Des négociations directes avec les organisations représentant les personnels doivent s’ouvrir au cours desquelles nous exigerons :

  • La garantie de nos statuts nationaux de fonctionnaires d’État et de nos statuts particuliers.
  • Nous nous opposons à la mise en place de statuts d’emploi « trans-fonction publique » préconisée par le récent rapport Pêcheur, ou à toute mesure qui, dans le cadre de la régionalisation et de l’autonomie des établissements de l’Enseignement supérieur et de la Recherche, menace nos statuts nationaux d’État.
  • En ce sens et face aux attaques contre nos statuts contenus dans le rapport Pêcheur1, la FERC Sup CGT reprend à son compte la déclaration adoptée par le tout récent congrès de la FERC : « La FERC CGT demande que l’ensemble de ces propositions du rapport Pêcheur soient abandonnées et que de véritables négociations s’ouvrent sur les salaires, la grille et l’amélioration réelle des carrières et sur l’emploi. »
  • La ré-étatisation de l’intégralité de la masse salariale (réintégration dans le TITRE II).
  • La réévaluation de l’ensemble des grilles de traitement, dans le cadre des repères revendicatifs de l’UGFF CGT, et l’augmentation immédiate de la valeur du point d’indice.
  • Le maintien des régimes spéciaux en particulier du code des Pensions civiles et militaires de l’État : maintien de l’âge légal de 60 ans, arrêt de l’allongement du nombre d’annuités et retour à 37,5 annuités pour le taux plein, avec le maintien du départ à taux plein à 75% du traitement des 6 derniers mois.
  • Le respect intégral du rôle des CAP académiques & nationales.
  • Le respect intégral du rôle du CNU.
  • L’abandon de l’entretien professionnel.
  • L’abandon de la prime de fonction et résultats (PFR), et de toute forme de primes au mérite.
  • La suppression de la prime d’excellence scientifique (PES).
  • L’abrogation du décret imposant la modulation de service d’enseignement des enseignants chercheurs, et leur évaluation individuelle et hiérarchique.

Le rapport Pêcheur sur la Fonction publique publié début novembre 2013 émet des conclusions très inquiétantes. Ainsi, il propose de :
« 6.1.1 Caractériser chaque corps ou cadre d’emploi par un « niveau de fonctions » qui correspondrait, selon le cas, soit au diplôme détenu, soit à la nature des missions et des responsabilités exercées », ce qui fait disparaître les catégories basées sur le diplôme.

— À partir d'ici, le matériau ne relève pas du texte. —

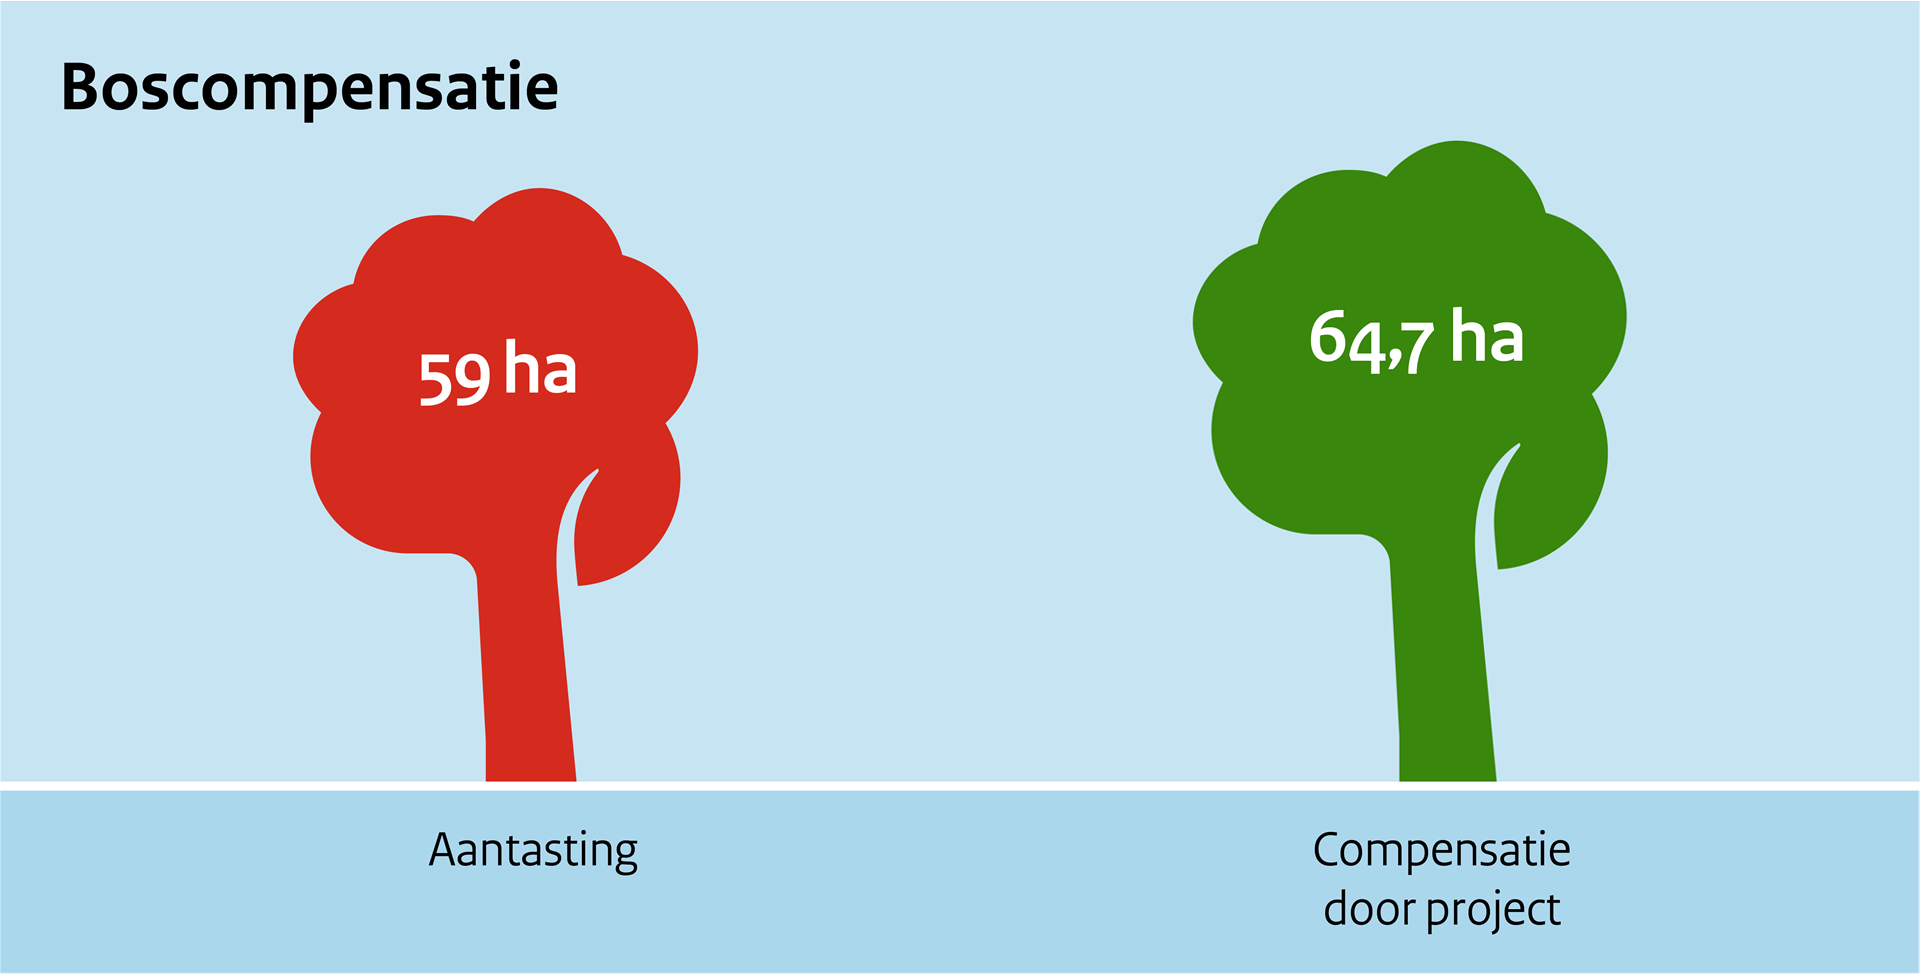 Afbeelding van de verhouding bosaantasting (59 ha) en boscompensatie door het project (64,7 ha).

« 6.1.3. Privilégier les structures de corps ou cadres à trois grades et reconsidérer l’utilisation du mécanisme d’avancement « promouvables/ promus » qui a souvent conduit à déséquilibrer la structure par grades des différents corps. » C’est contraire aux revendications de la CGT.
« 6.1.5. Développer les échelons fonctionnels et les échelons spéciaux. » qui développe encore la rémunération au mérite et le management.
« 6.1.6. Donner davantage de sens aux avancements d’échelons avec un mécanisme d’avancement d’échelon plus sélectif et plus flexible. » Même remarque que pour le 6.1.5.
« 5.5. Relancer la politique de fusion des corps […], développer les corps interministériels à gestion ministérielle »,
« 4.3 Des cadres professionnels communs pour certaines professions trans-fonctions publique » et
« 4.4. Des statuts d’emploi communs « trans-fonctions publiques » pour certaines spécialités » : c’est une attaque contre les statuts particuliers.
« 5.9. Revaloriser les commissions administratives paritaires en les concentrant sur des missions essentielles. Lutter contre la « dérive coutumière » en évitant de soumettre à avis des CAP des actes de gestion que les textes n’imposent pas de lui soumettre ». Le but serait ici de restreindre le champ du paritarisme et le rôle des organisations syndicales.
« 6.2.1. Écarter toute forme d’indexation mais suivre l’évolution générale du pouvoir d’achat de sorte que les fonctionnaires ne soient ni favorisés ni décrochés par rapport aux salariés du secteur privé » et
« 6.2.4. Recourir aux différents leviers d’une politique salariale dynamique et responsable : rémunération indemnitaire, mesures catégorielles de grille, mais aussi mesures générales ».